* Task item *
Exactly as written, please repeat the data that follows, but not the pictures.

* Data section *
:::

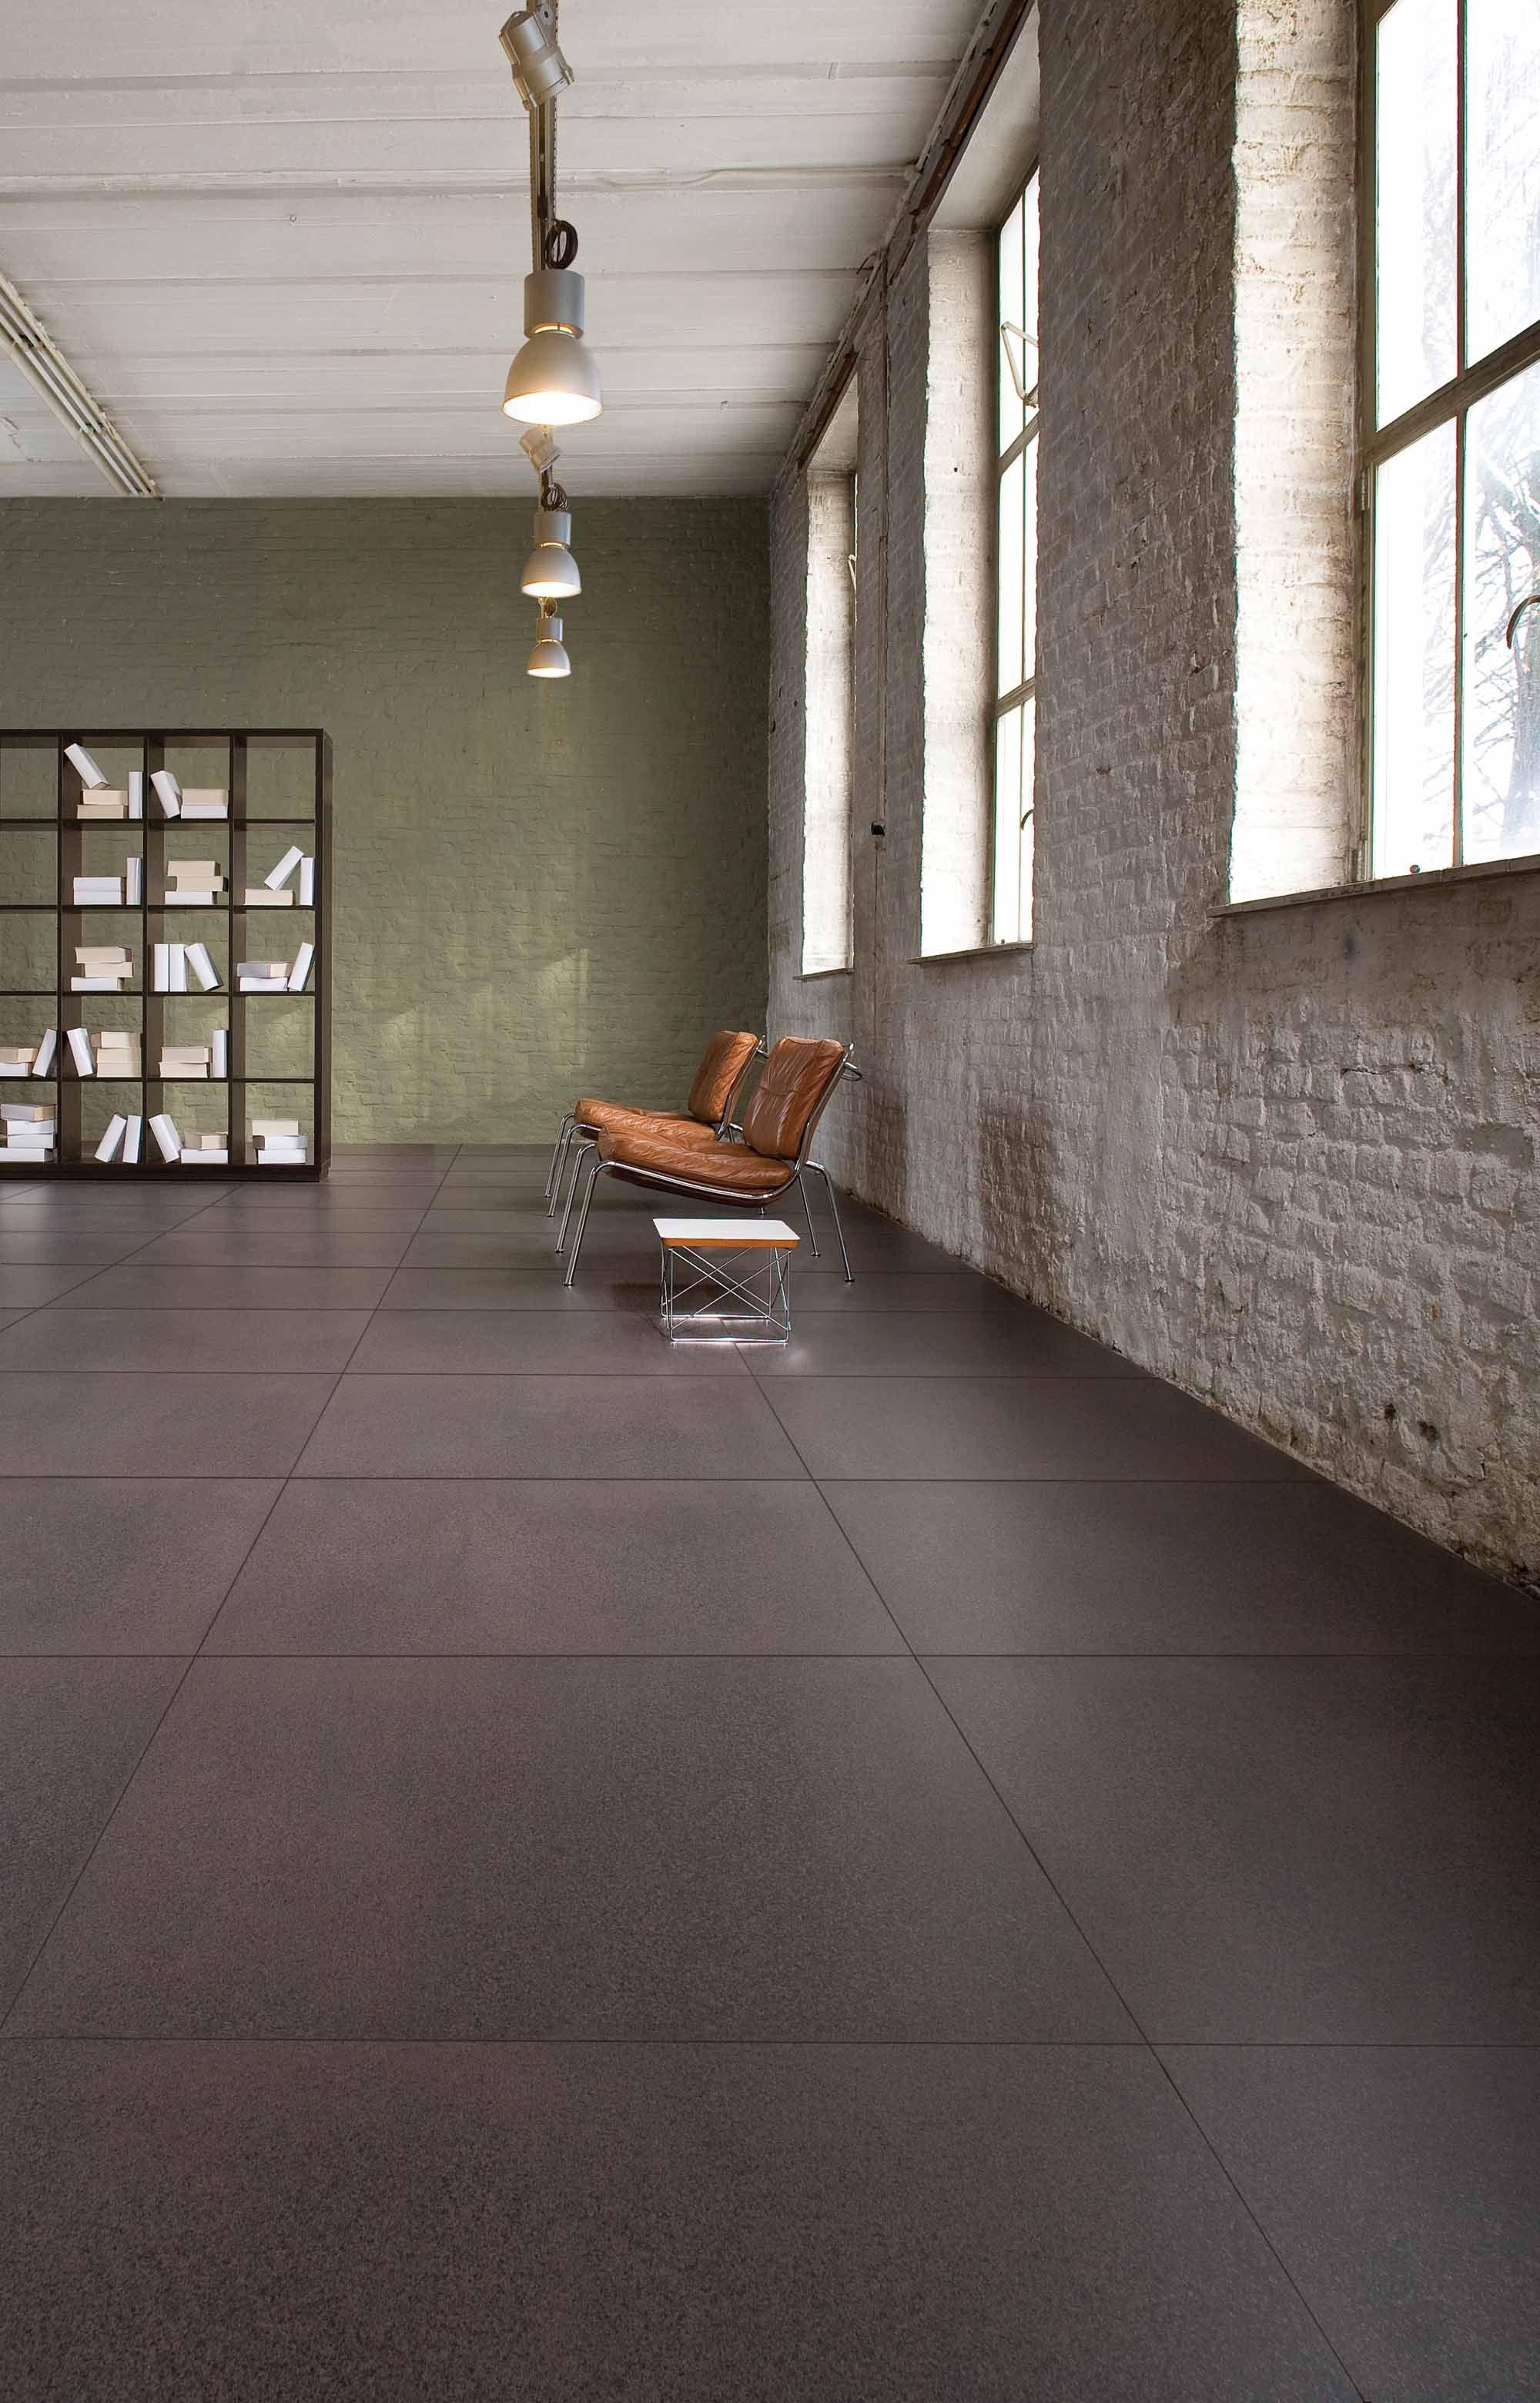 Quartz collection mosa tiles house quartz floor mosa ceramic quartz collection mosa tiles house quartz floor dailygadgetfo Images
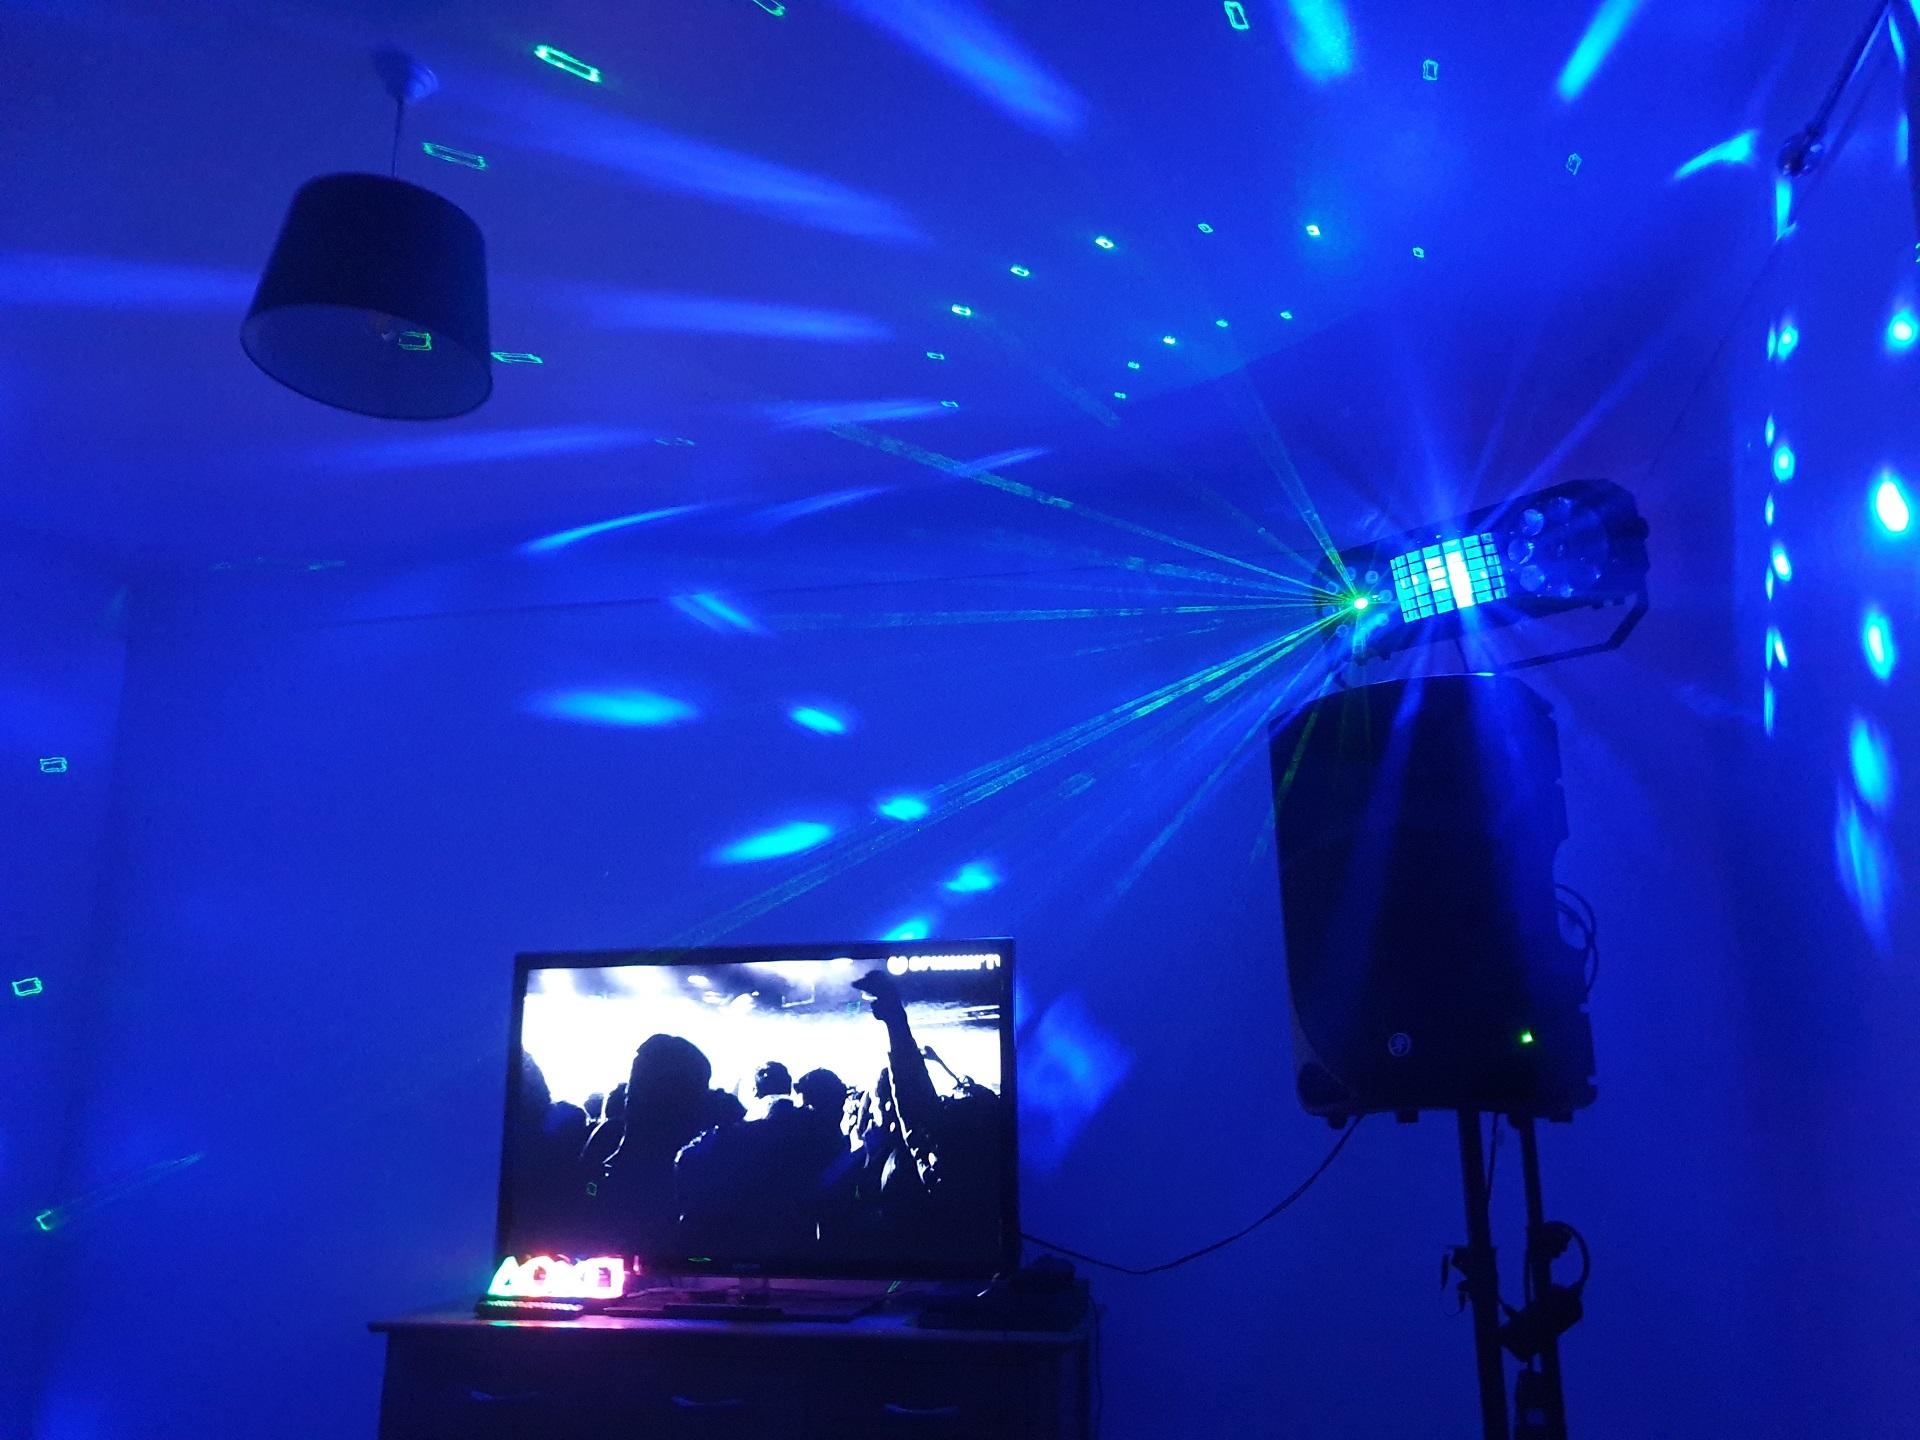 DJ Party Disco Light Hire Exeter Southampton House Garden Party Parties
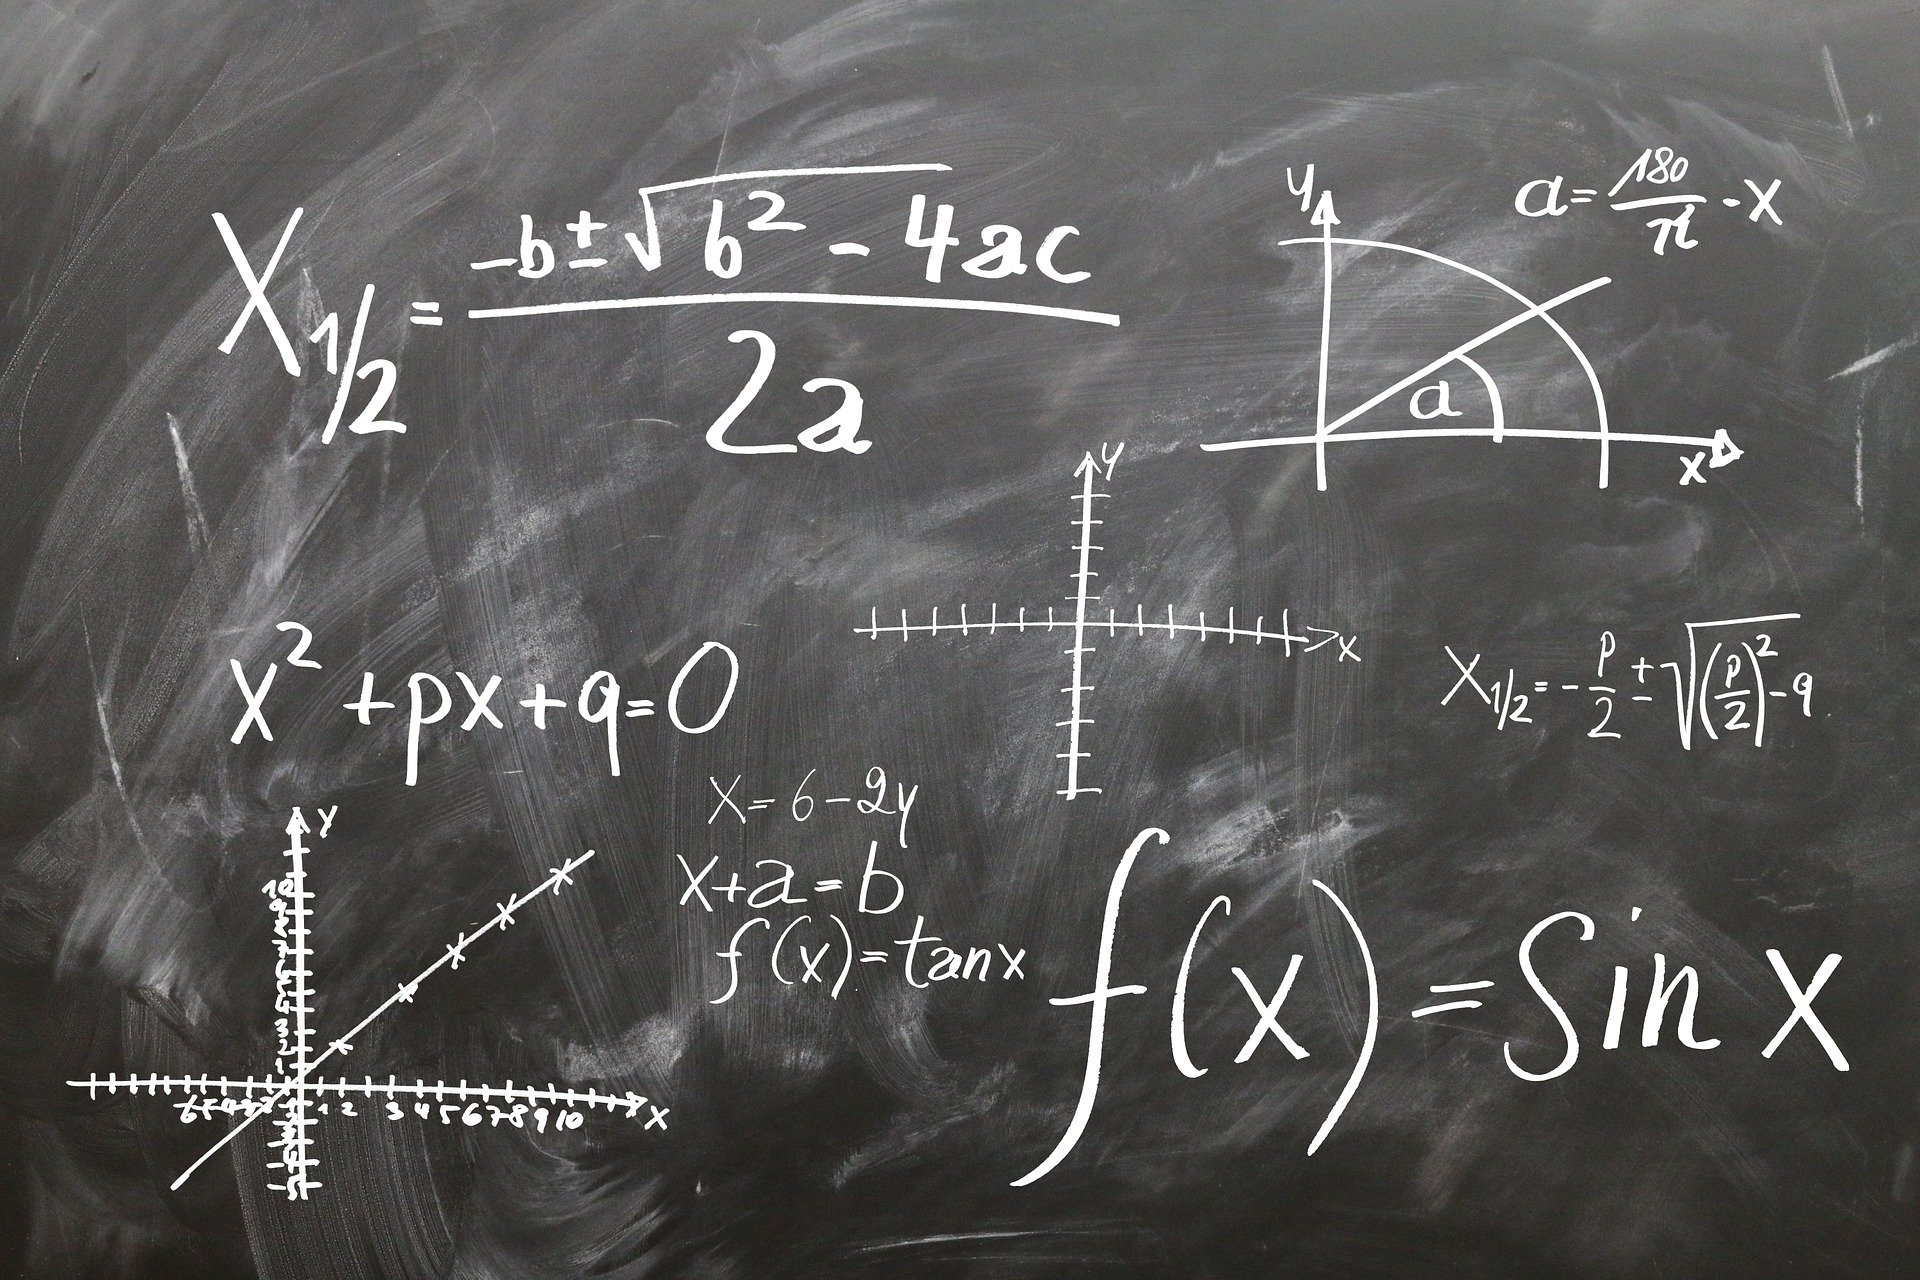 Bill and Melinda Gates Foundation Invites Grand Challenge Proposals for Algebra 1

:::

* The answer *
 Quartz collection mosa tiles house quartz floor mosa ceramic quartz collection mosa tiles house quartz floor dailygadgetfo Images
 DJ Party Disco Light Hire Exeter Southampton House Garden Party Parties
 Bill and Melinda Gates Foundation Invites Grand Challenge Proposals for Algebra 1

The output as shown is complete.